Criteria for eligibility
Healthy Volunteers: No
Maximum Age: 70 Years
Minimum Age: 18 Years
Gender: Both
Criteria: Inclusion Criteria:

KEY POINTS:

1. Symptomatic multiple myeloma or asymptomatic myeloma with myeloma-related organ damage diagnosed according to standard criteria in patients who received allogeneic transplant due to high-risk prognostic features, such as, but not limited to:

- Chromosome 17p, partial deletion [del(17p)], t(4;14), t(14;16), t(14;20)

- Plasma cell leukemia

- PFS of less than 2 years after autologous stem cell transplant

2. Evidence of engraftment of neutrophils (absolute neutrophil count [ANC] >1000 cells/mm3) and platelets (platelets >60,000 cells/mm3) [dose escalation phase] and >50,000 cells/mm3 [dose expansion phase]).

3. Achievement of at least a PR prior to allogeneic stem cell transplant

4. Adequate liver and kidney function

5. Ability to swallow oral medication

6. Absence of gastrointestinal symptoms that precludes oral intake and absorption of MLN9708

7. Off antibiotics and amphotericin B formulations, voriconazole or other anti-fungal therapy for the treatment of proven, probable or possible infections

8. ECOG of ≤ 2

9. Life expectancy ≥3 months

10. Ability to understand the nature of this study and give written informed consent

Exclusion Criteria:

1. Patients with progressive disease when compared to pre-transplant staging as defined by IMWG Uniform Response criteria for Multiple Myeloma.

2. Umbilical cord blood or haploidentical allogeneic stem cell transplant

3. Patients with > Grade 2 peripheral neuropathy with pain, or ≥ Grade 3 peripheral neuropathy per NCI CTCAE Version 4.0

4. Patients with uncontrolled bacterial, viral, or fungal infections

5. New York Heart Association (NYHA) Class III or IV heart failure uncontrolled angina, severe uncontrolled ventricular arrhythmias, or electrocardiographic evidence of acute ischemia or active conduction system abnormalities.

6. Patients who are pregnant or breastfeeding

7. Most recent chemotherapy ≤21 days and ≤ Grade 1 chemotherapy-related side effects, with the exception of alopecia

8. Use of a study drug ≤21 days or 5 half-lives (whichever is shorter) prior to the first dose of MLN9708. For study drugs for which 5 half-lives is ≤21 days, a minimum of 10 days between termination of the study drug and administration of MLN9708 is required.

9. Wide field radiotherapy (including therapeutic radioisotopes such as strontium 89) administered ≤14 days or limited field radiation for palliation ≤7 days prior to starting study drug or has not recovered from side effects of such therapy

10. Major surgical procedures ≤14 days of beginning study drug, or minor surgical procedures ≤7 days. No waiting is required following port-a-cath placement.

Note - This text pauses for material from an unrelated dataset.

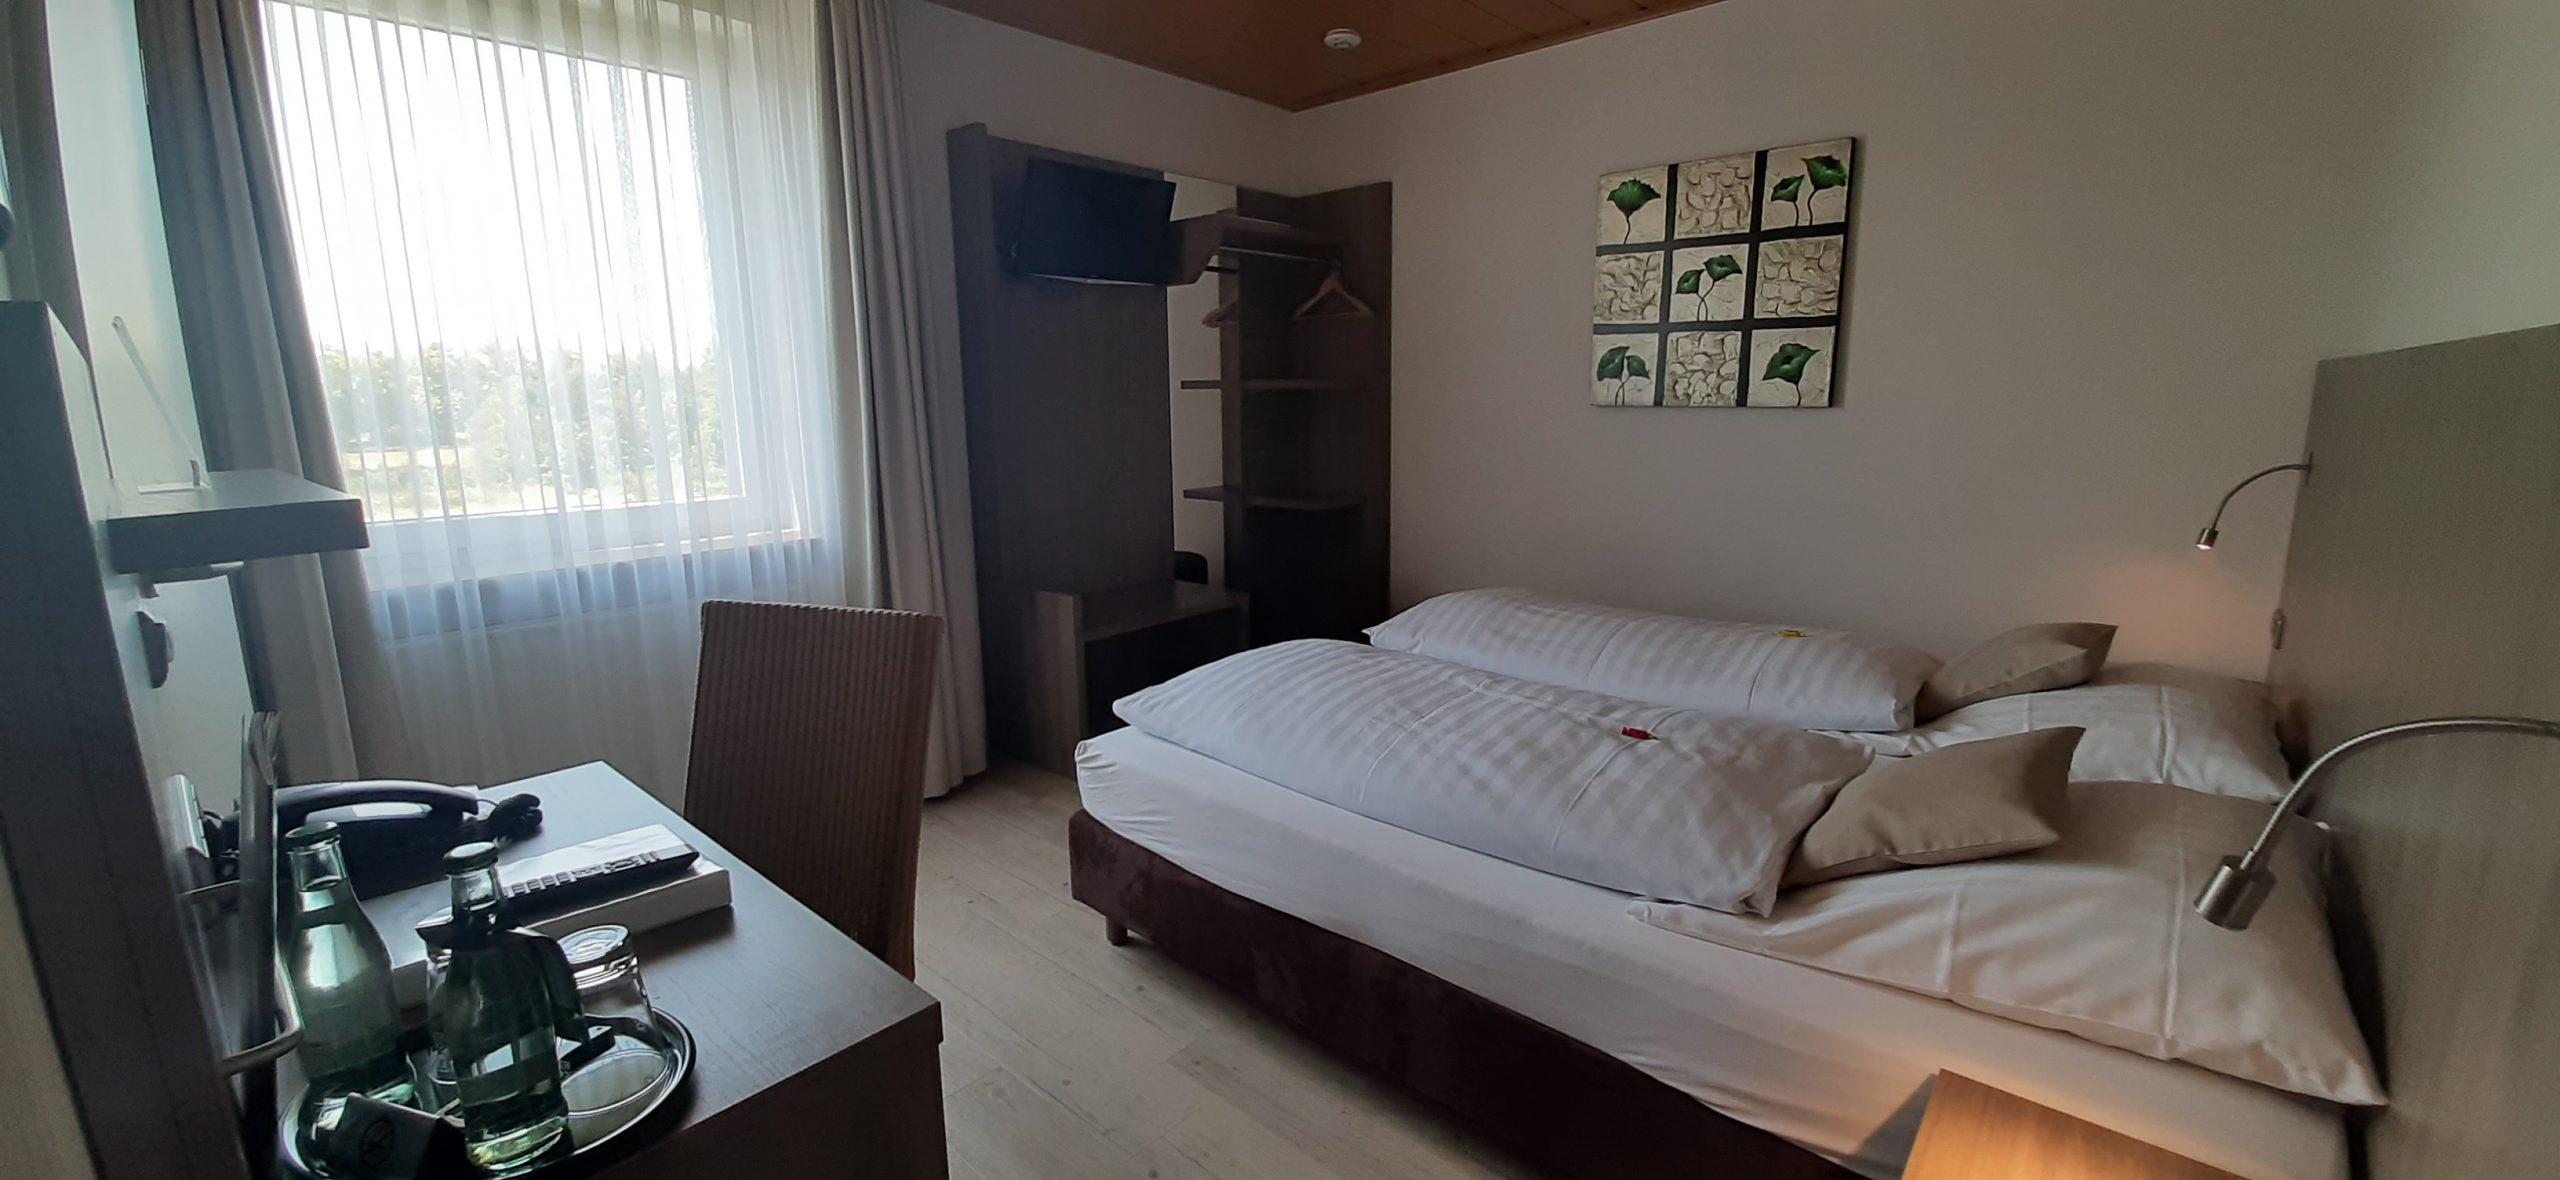 Doppelzimmer 13

11. Ongoing or active systemic infection. Known diagnosis of human immunodeficiency virus, hepatitis B, or hepatitis C

12. Central Nervous System involvement

13. Known allergy to any of the study medications, their analogues, or excipients in the various formulations of any agent.

14. Systemic treatment with moderate and strong inhibitors of cytochrome P450 (CYP) 1A2, CYP3A, or clinically significant CYP3A inducers, or use of Ginkgo biloba or St. John's wort within 14 days before study drug administration in the study.

15. Presence of other active cancers, or history of treatment for invasive cancer ≤5 years. Patients with Stage I cancer who have received definitive local treatment and are considered unlikely to recur are eligible. All patients with previously treated in situ carcinoma (i.e., non-invasive) are eligible, as are patients with history of non-melanoma skin cancer.

16. Graft versus host disease > Grade 2; or GVHD grade 1 or Grade 2 which requires > 0.5 mg/kg methylprednisolone, or equivalent.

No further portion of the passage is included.